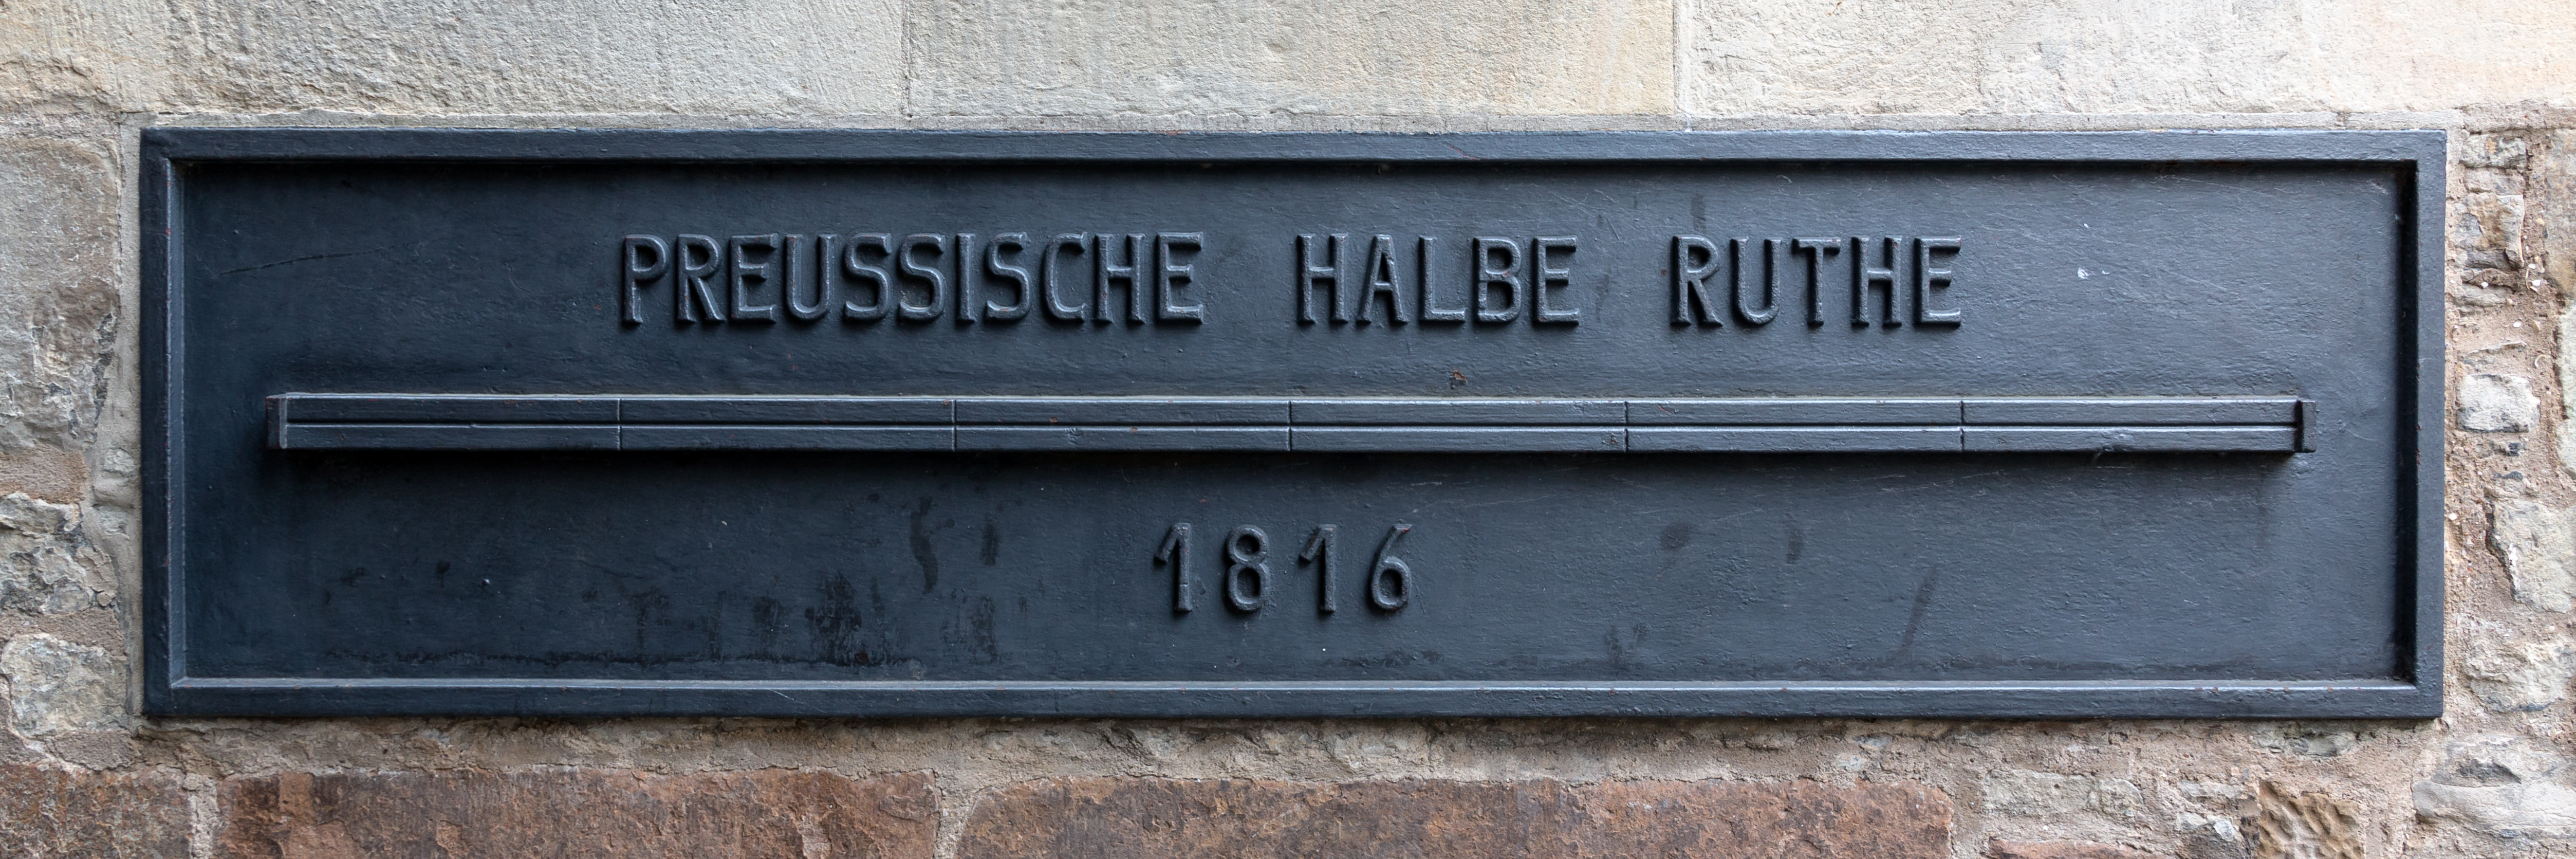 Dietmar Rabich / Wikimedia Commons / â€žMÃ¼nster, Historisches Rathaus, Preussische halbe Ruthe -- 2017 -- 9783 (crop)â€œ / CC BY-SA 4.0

□ □ □

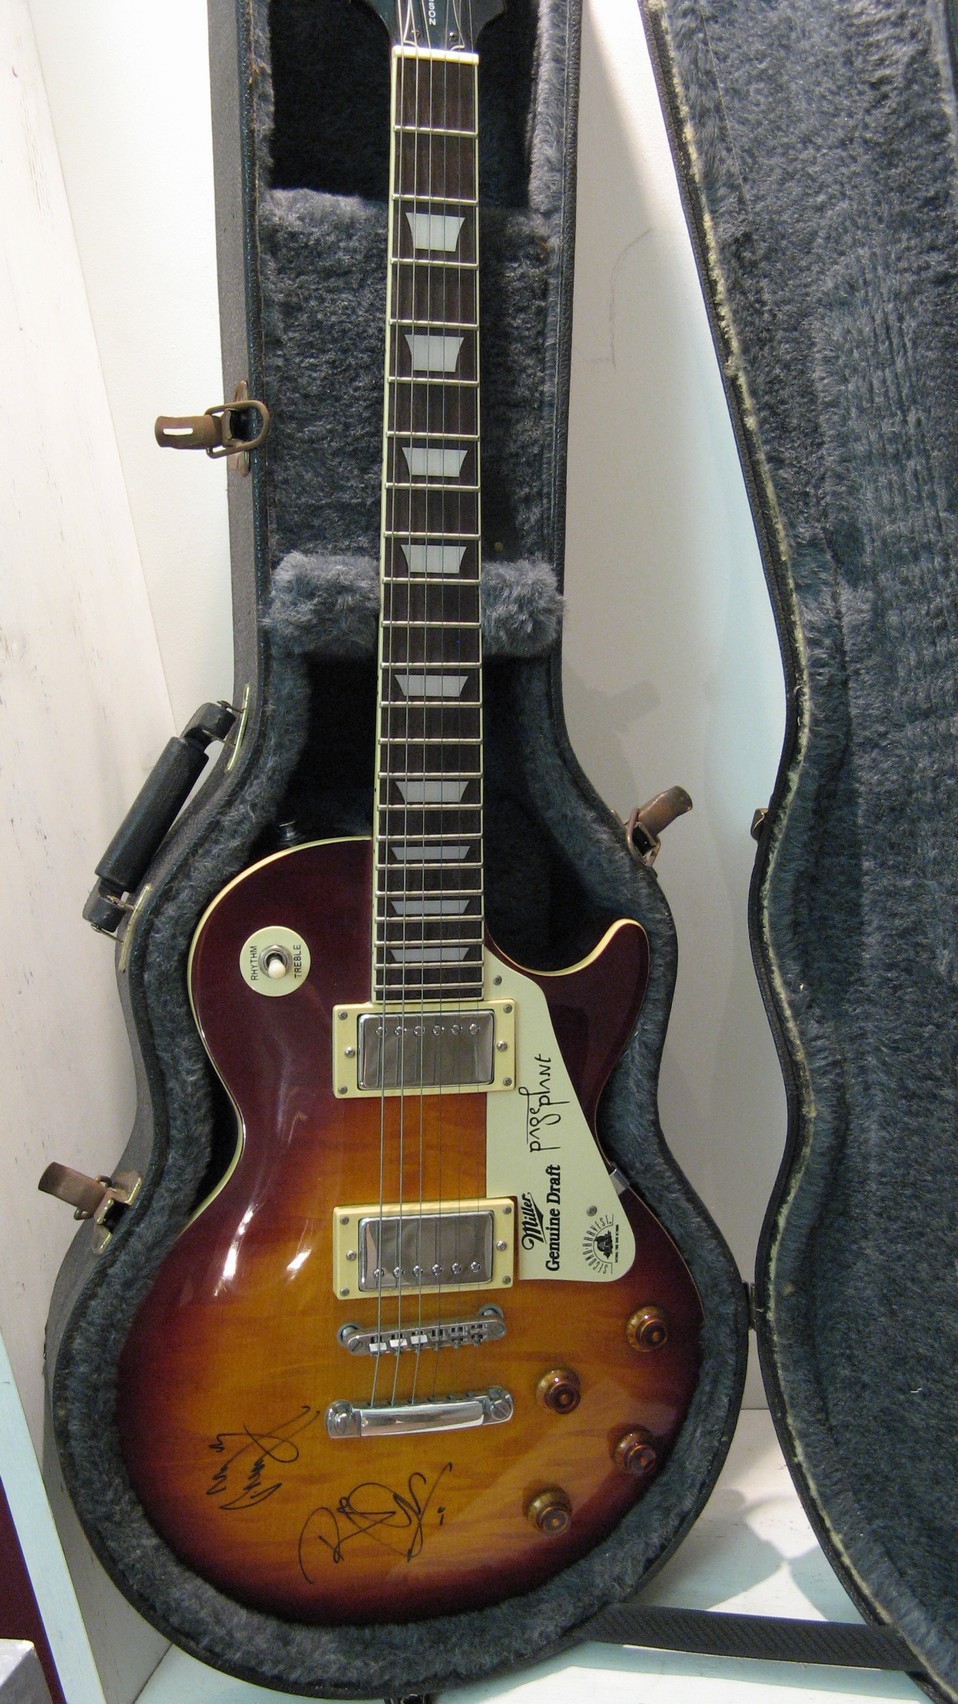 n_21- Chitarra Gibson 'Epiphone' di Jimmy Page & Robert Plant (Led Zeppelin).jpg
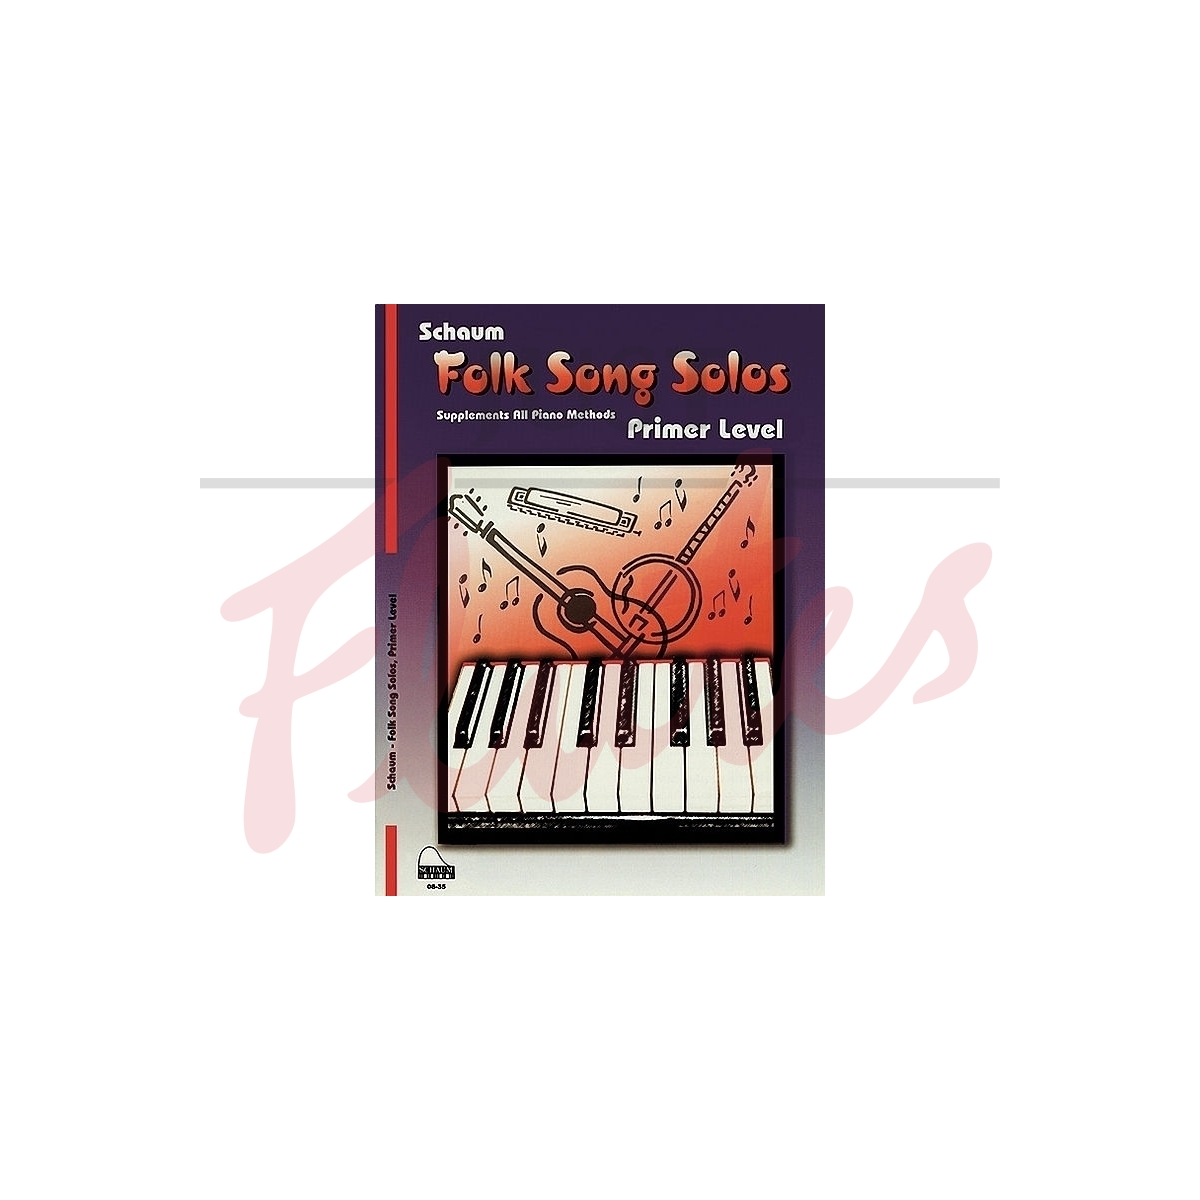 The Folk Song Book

□ □ □

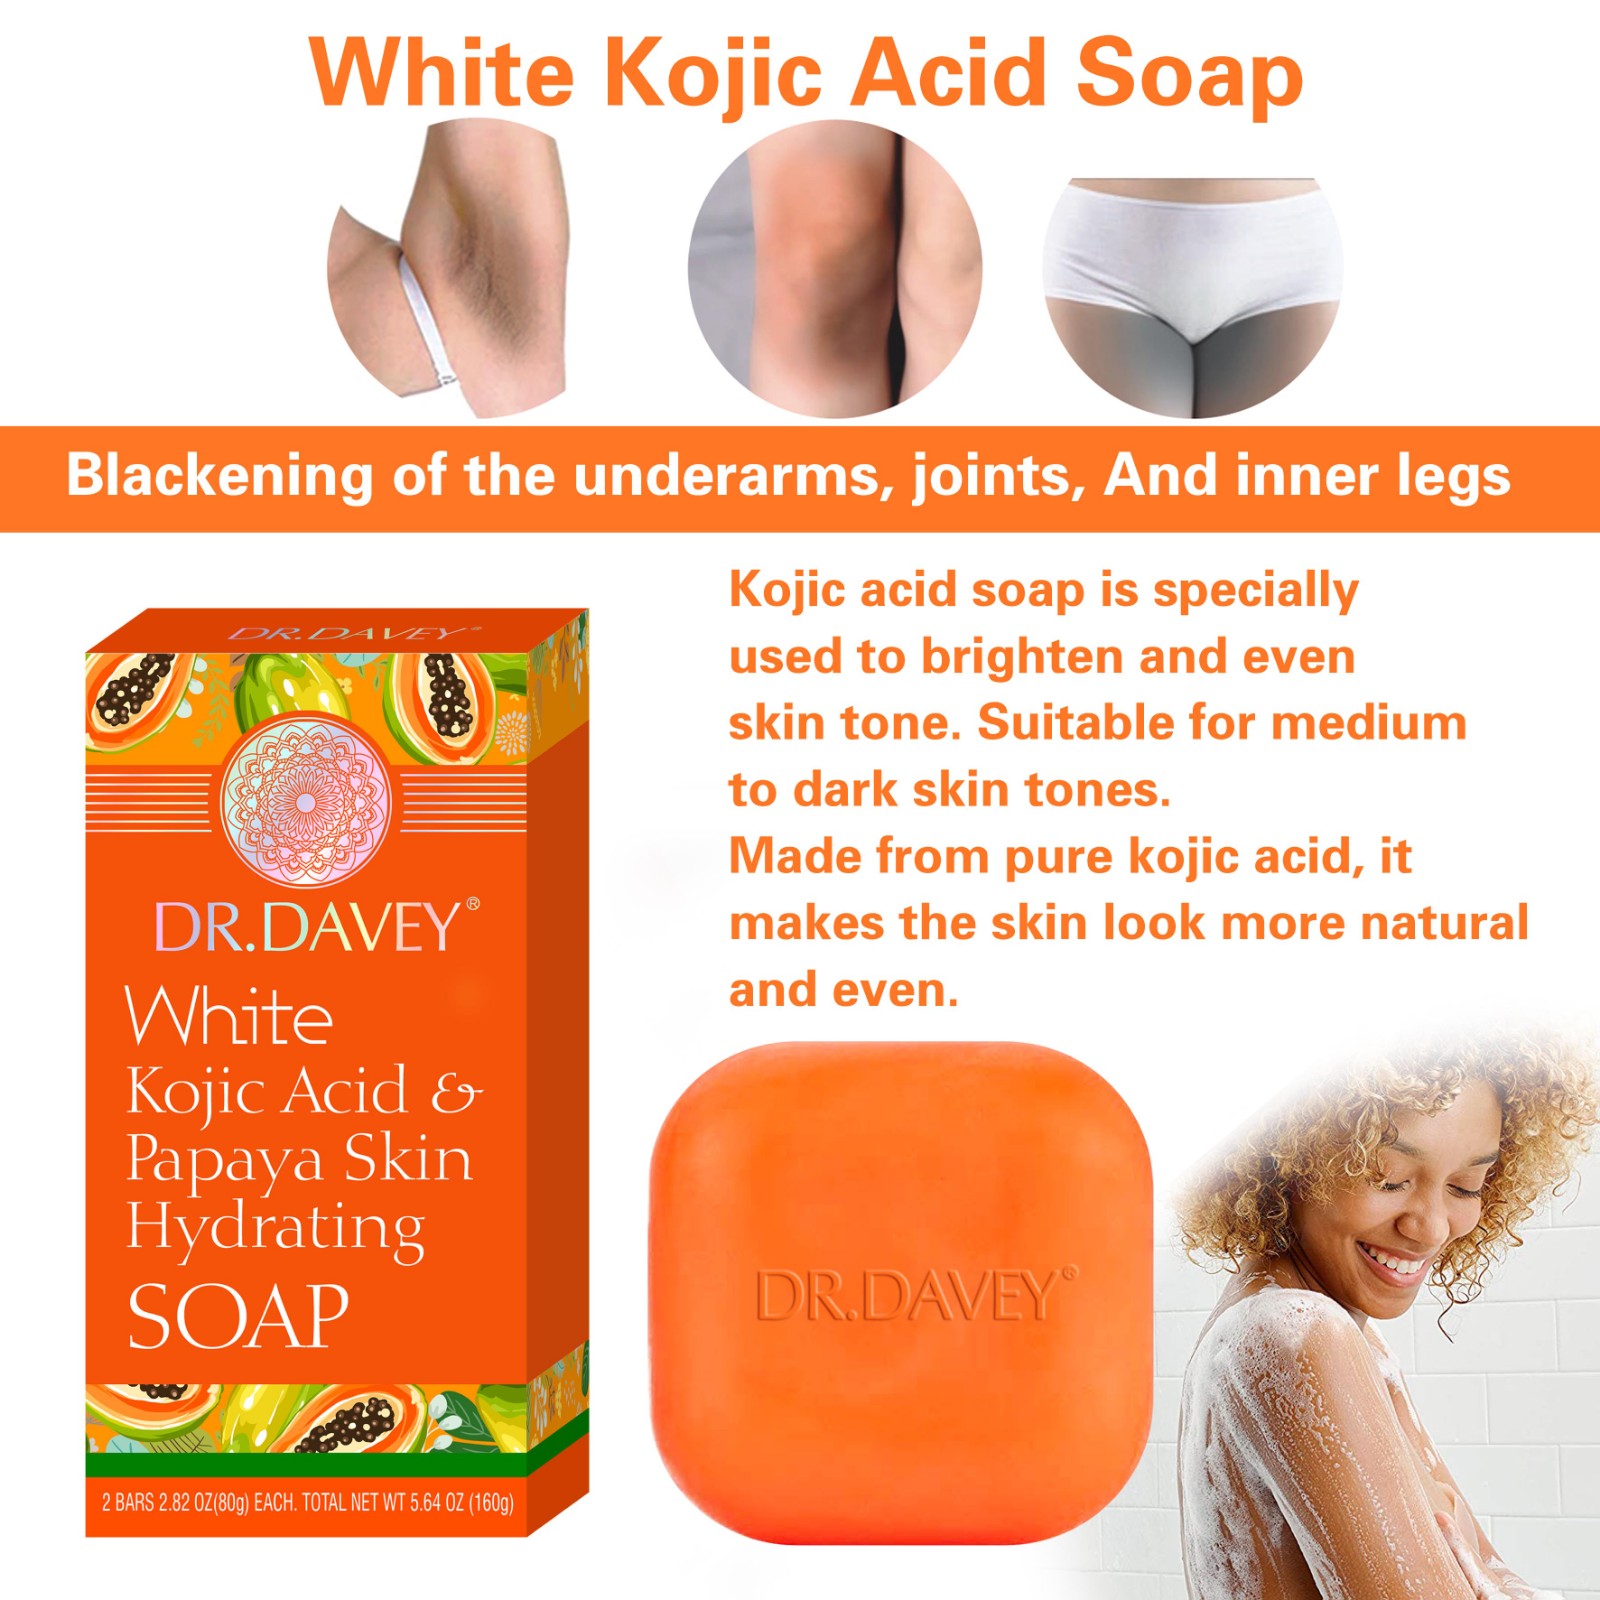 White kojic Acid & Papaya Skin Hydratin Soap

□ □ □

YOUR TASK ▸ Print, exactly, each line above from the one with "n_21- Chitarra Gibson" to the one with "The Folk Song Book", end lines included. Leave pictures out of it.

SOLUTION TO THIS TASK ▸
 n_21- Chitarra Gibson 'Epiphone' di Jimmy Page & Robert Plant (Led Zeppelin).jpg
 The Folk Song Book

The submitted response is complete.